▸ TASK TO COMPLETE:
Below are some records. Return exactly the lines from the one with "It is our responsibility" to the one with "How To Mine", and nothing else.

▸ DATA EXTRACT:
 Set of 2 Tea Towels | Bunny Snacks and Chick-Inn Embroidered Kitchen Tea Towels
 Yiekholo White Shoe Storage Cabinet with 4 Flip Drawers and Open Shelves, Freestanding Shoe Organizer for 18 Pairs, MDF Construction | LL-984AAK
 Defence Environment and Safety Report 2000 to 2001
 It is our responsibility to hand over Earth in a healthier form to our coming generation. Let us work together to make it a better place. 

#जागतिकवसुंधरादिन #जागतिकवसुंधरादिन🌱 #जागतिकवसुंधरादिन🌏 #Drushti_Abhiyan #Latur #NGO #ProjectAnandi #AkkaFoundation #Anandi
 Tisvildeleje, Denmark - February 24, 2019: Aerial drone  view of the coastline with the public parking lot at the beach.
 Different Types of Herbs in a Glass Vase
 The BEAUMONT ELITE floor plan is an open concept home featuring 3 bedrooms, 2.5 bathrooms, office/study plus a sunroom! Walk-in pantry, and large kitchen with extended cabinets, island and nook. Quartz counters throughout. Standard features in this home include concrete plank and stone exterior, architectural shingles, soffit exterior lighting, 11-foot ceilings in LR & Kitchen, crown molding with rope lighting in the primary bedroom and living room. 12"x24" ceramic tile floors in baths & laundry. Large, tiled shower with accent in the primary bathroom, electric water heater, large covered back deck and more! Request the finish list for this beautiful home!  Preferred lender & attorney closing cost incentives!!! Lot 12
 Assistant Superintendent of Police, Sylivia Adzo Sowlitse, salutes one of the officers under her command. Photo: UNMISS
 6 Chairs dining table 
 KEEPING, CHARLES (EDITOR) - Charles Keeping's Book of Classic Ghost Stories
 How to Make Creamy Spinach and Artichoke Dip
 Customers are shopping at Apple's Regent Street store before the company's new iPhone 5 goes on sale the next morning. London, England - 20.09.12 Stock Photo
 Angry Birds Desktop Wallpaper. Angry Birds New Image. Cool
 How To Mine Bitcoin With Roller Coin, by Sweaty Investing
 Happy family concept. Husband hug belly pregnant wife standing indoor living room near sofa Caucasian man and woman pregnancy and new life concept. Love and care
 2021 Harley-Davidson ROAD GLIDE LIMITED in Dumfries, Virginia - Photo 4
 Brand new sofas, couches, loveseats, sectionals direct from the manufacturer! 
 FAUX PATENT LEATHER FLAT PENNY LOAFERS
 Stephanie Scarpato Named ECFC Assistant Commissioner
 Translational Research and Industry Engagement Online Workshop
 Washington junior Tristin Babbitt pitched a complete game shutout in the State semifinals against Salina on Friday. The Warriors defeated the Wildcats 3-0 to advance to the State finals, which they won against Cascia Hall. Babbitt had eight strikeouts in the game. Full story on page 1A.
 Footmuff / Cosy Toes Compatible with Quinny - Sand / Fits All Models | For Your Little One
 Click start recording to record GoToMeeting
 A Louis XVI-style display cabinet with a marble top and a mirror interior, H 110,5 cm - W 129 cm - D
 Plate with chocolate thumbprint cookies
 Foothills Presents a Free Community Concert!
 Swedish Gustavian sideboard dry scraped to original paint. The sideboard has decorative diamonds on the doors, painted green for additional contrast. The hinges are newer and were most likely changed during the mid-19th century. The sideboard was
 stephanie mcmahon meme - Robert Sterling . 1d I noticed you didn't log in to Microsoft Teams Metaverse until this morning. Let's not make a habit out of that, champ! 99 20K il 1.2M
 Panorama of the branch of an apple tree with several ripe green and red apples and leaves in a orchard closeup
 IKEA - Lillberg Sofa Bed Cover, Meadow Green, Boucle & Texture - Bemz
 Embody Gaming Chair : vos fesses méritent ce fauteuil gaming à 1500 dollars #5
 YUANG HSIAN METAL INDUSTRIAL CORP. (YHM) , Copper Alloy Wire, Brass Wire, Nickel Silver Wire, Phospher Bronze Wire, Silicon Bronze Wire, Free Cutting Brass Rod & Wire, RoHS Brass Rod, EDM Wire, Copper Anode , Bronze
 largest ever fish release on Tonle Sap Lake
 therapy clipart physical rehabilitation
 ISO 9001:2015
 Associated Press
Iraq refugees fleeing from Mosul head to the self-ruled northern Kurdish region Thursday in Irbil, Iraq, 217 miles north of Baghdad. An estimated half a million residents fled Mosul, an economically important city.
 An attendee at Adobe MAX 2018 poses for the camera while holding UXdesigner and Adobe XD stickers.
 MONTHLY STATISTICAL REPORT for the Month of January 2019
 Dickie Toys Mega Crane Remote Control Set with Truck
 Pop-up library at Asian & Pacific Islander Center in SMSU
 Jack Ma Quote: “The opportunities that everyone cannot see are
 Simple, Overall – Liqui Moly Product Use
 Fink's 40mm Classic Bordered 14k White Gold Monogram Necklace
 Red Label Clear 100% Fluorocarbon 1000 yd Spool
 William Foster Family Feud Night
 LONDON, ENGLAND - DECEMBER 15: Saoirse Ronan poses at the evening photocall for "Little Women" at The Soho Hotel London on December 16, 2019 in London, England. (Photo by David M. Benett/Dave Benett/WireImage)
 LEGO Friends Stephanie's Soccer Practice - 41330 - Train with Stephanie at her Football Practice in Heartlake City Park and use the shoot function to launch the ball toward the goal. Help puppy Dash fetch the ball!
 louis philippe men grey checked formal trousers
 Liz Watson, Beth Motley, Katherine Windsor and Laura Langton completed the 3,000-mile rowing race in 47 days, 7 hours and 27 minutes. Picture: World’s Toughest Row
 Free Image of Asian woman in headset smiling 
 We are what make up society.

▸ TASK ANSWER:
 It is our responsibility to hand over Earth in a healthier form to our coming generation. Let us work together to make it a better place. 

#जागतिकवसुंधरादिन #जागतिकवसुंधरादिन🌱 #जागतिकवसुंधरादिन🌏 #Drushti_Abhiyan #Latur #NGO #ProjectAnandi #AkkaFoundation #Anandi
 Tisvildeleje, Denmark - February 24, 2019: Aerial drone  view of the coastline with the public parking lot at the beach.
 Different Types of Herbs in a Glass Vase
 The BEAUMONT ELITE floor plan is an open concept home featuring 3 bedrooms, 2.5 bathrooms, office/study plus a sunroom! Walk-in pantry, and large kitchen with extended cabinets, island and nook. Quartz counters throughout. Standard features in this home include concrete plank and stone exterior, architectural shingles, soffit exterior lighting, 11-foot ceilings in LR & Kitchen, crown molding with rope lighting in the primary bedroom and living room. 12"x24" ceramic tile floors in baths & laundry. Large, tiled shower with accent in the primary bathroom, electric water heater, large covered back deck and more! Request the finish list for this beautiful home!  Preferred lender & attorney closing cost incentives!!! Lot 12
 Assistant Superintendent of Police, Sylivia Adzo Sowlitse, salutes one of the officers under her command. Photo: UNMISS
 6 Chairs dining table 
 KEEPING, CHARLES (EDITOR) - Charles Keeping's Book of Classic Ghost Stories
 How to Make Creamy Spinach and Artichoke Dip
 Customers are shopping at Apple's Regent Street store before the company's new iPhone 5 goes on sale the next morning. London, England - 20.09.12 Stock Photo
 Angry Birds Desktop Wallpaper. Angry Birds New Image. Cool
 How To Mine Bitcoin With Roller Coin, by Sweaty Investing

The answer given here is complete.